We prepared labeled reverse primer following the USB Optikinase protocol (Affymetrix) using gamma-32P ATP (Perkin Elmer). We added 32P end-labeled reverse primer to ~100 ng RNA (labeled and controls), and the reaction mixture was heated at 95°C for 2 minutes followed by slow cool to 4°C at 10°C/mi, to facilitate annealing of primer (1 μL) to the RNA. The primer extension reaction was then initiated with reaction mix, as previously described(Lee et al., 2017). Briefly, the reaction mix (20 μL total; 4 μL 5X first strand buffer (FS), 1 μL 100mM DTT, 1 μL Ribolock inhibitor, 10 μL RNA, and 2 μL water) was added and the mixture preincubated at 52°C for 1 minute before adding Superscript III (1 μL; 200 units, Invitrogen). Separately, similar reactions were carried out spiking in dATP with ddATP (dideoxyadenosine), and dCTP with ddCTP (dideoxycytidine), as described(Lee et al., 2017). Primer extension was carried out at 52°C for 30 minute, after which the reaction was stopped by heating to 95°C for 5 minute, followed by cooling to 4°C. The RNA was then hydrolyzed using NaOH (4M; 1 μL) and heating to 95°C for 5 minutes.

To the cDNA, Gel Loading Buffer II (10 μL; Invitrogen) was added, and the products run on a 35-cm long denaturing 8% polyacrylamide gel with 7M Urea (Thermo Fischer)(Lee et al., 2017). The resulting gel was dried (Labconco Gel Dryer) after placing it on Whatman paper (Sigma Aldrich) and exposed to a storage phosphor screen (Molecular Dynamics) for ~24 hours, and then visualized by phosphorimaging (STORM, Molecular Dynamics). The lanes containing ddATP (corresponding transcribed RNA nucleotide U) and ddCTP (corresponding transcribed RNA nucleotide C) were used to determine the position of all RT stops. RNA secondary structures were predicted using mFOLD software(Zuker, 2003). The gel analysis was carried out using ImageJ(Schneider et al., 2012).

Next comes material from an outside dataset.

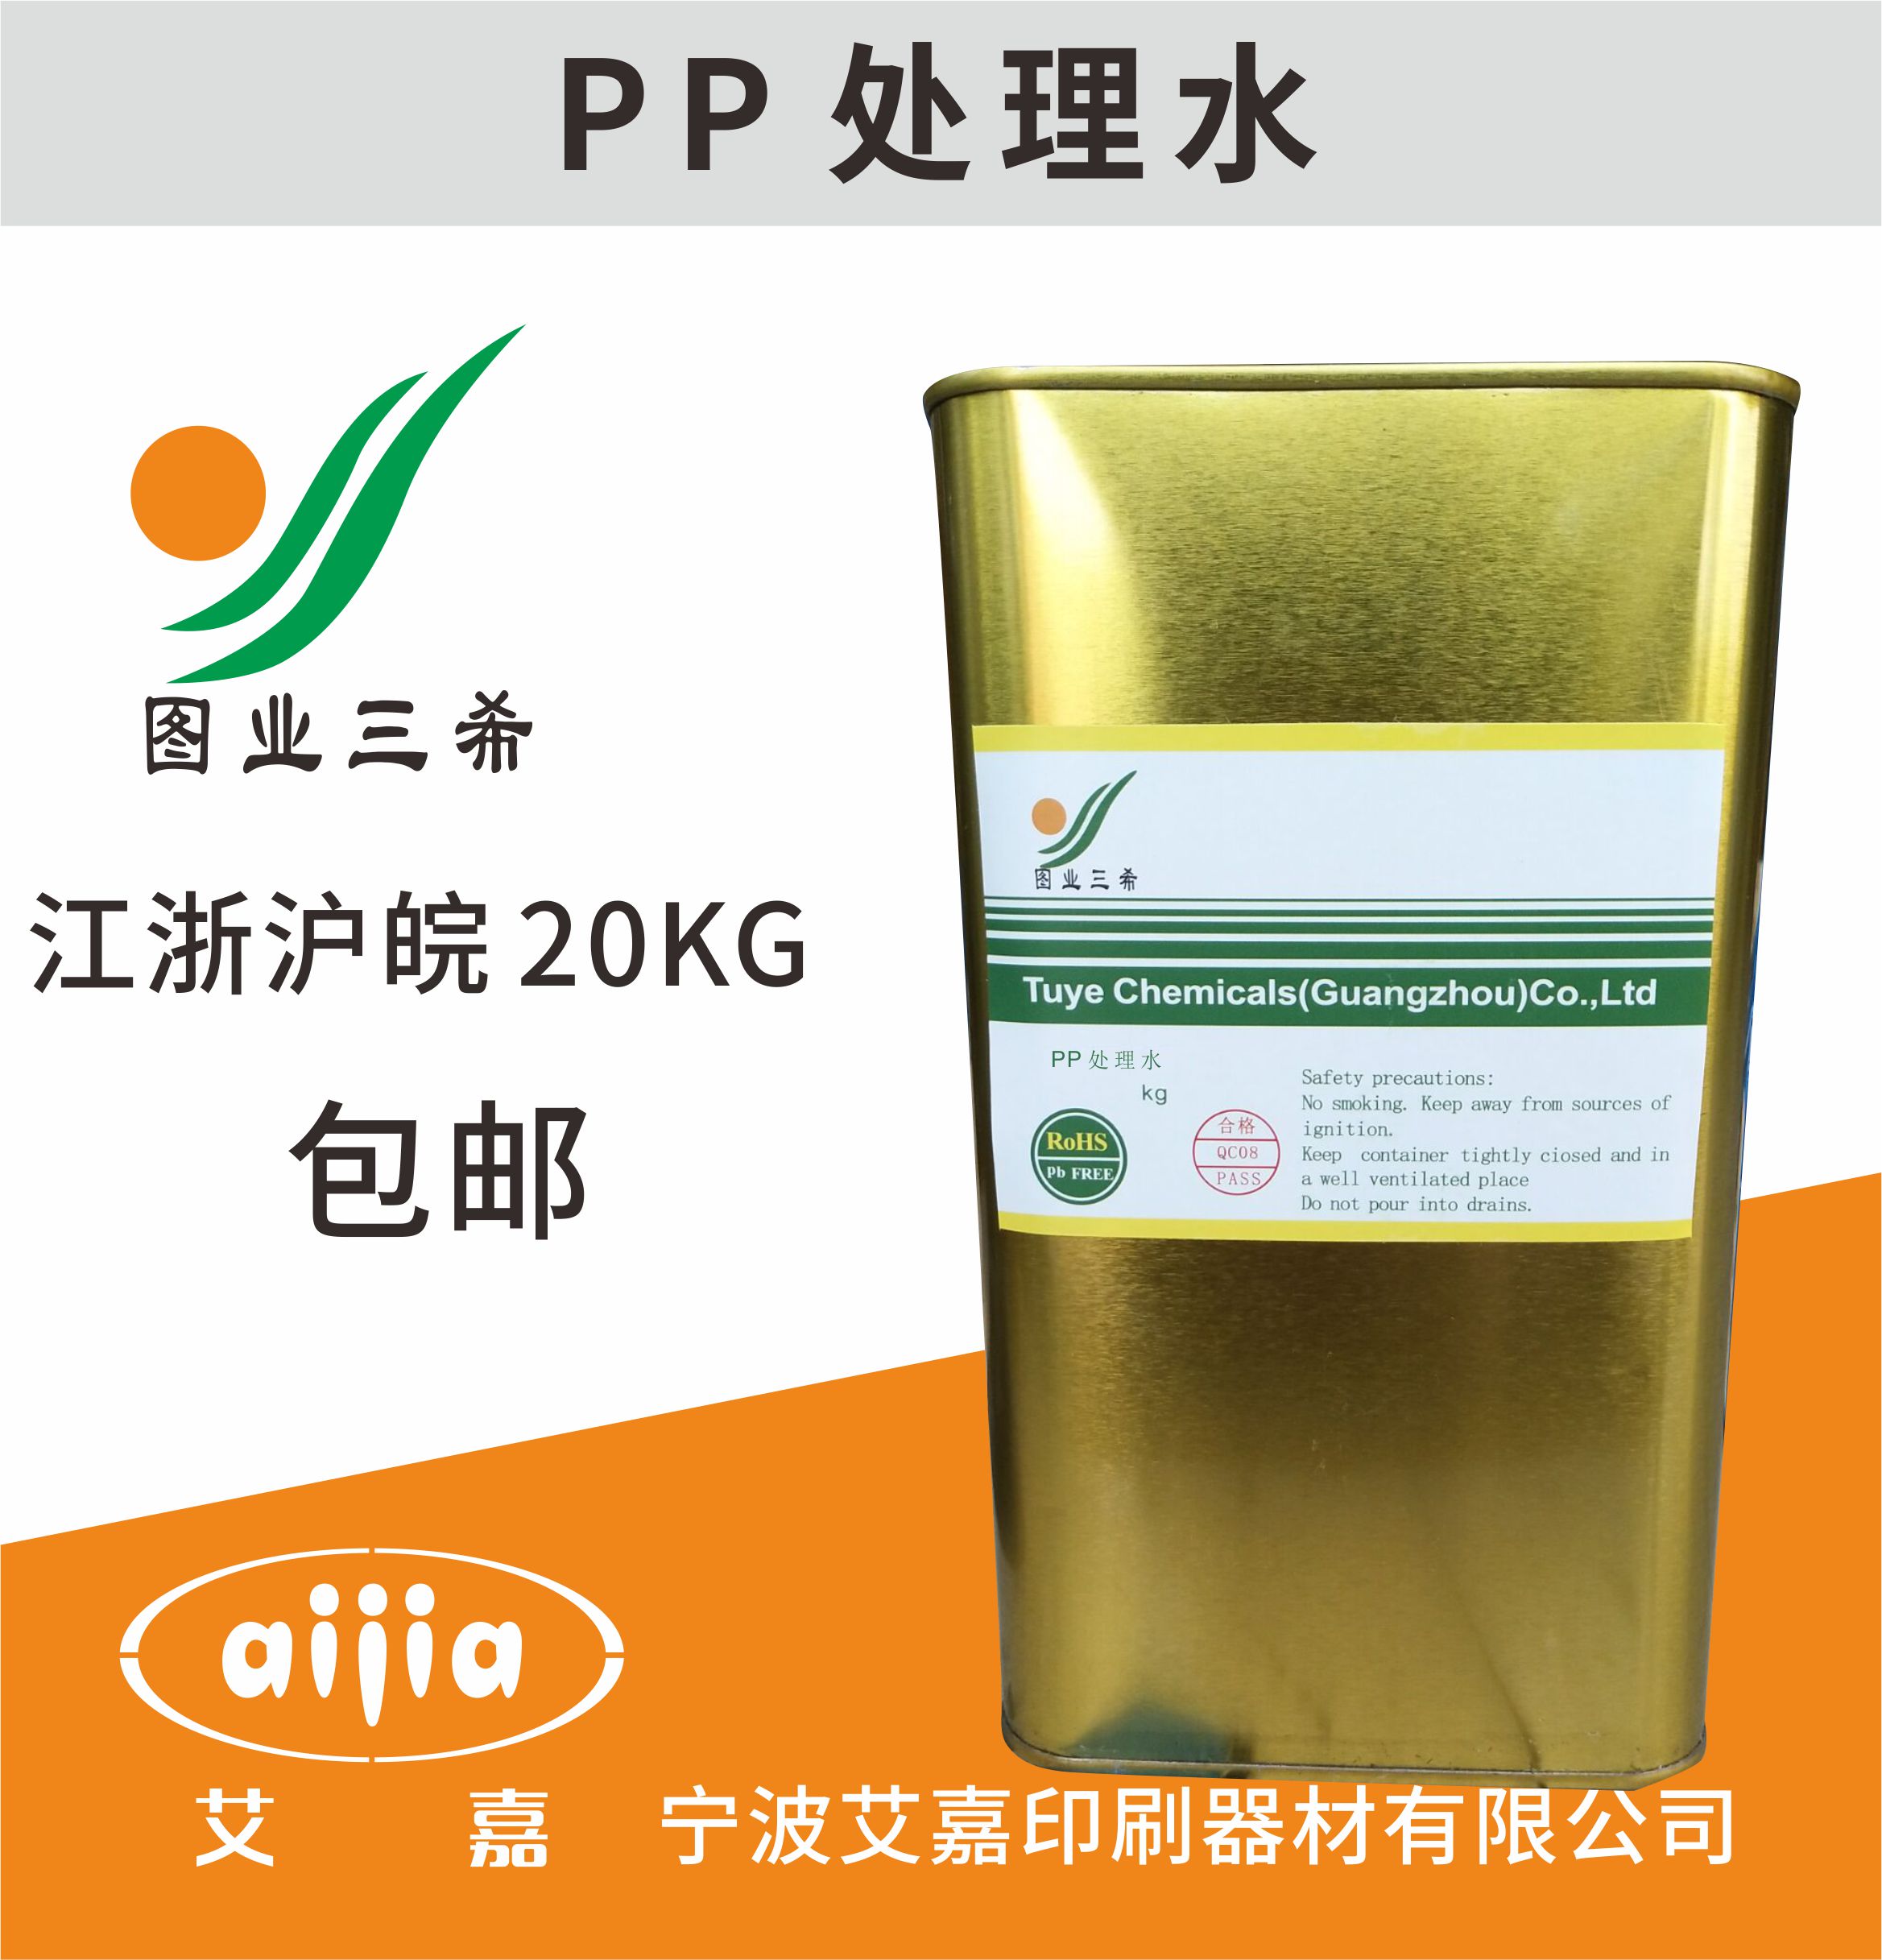 图业PP表面处理剂PP水PE表面处理剂 增加油墨附着力PP处理水1KG

Liquid-chromatography (LC)-mass-spectrometry (MS) characterization of in vitro reaction products

2 mM dG (Sigma Aldrich) was incubated with 100 μM pentachlorophenol (PCP, Sigma Aldrich) or BP in PBS at 37°C for 1 hour in the presence of 2.25 μM HRP or APEX2 and 100 μM H2O2. The reaction was diluted with water to final volume 100 μL and injected into an LC-MS with Zorbax Poroshell 120 SB-C18, 2.1 x 50 mm 2.7 u column with Poroshell 120 SB-C18 2.1 x 5 mm 2.7 u guard column. The gradient for LC is shown in the table below. Mass was determined by single quadruple mass spectrometry with positive and negative atmospheric pressure chemical ionization (APCI) and electrospray ionization (ESI) modes for M/Z = 20-2000.

Time (minute) Flow (mL/minute) % solvent A % solvent B
0 0.3 98 2
2 0.3 98 2
6 0.3 5 95
8 0.3 5 95
8.5 0.3 98 2
9.5 0.3 5 95
10.5 0.3 5 95
11 0.3 98 2
15 0.3 98 2

Solvent A = 0.1% formic acid in water. Solvent B = 0.1% formic acid in acetonitrile.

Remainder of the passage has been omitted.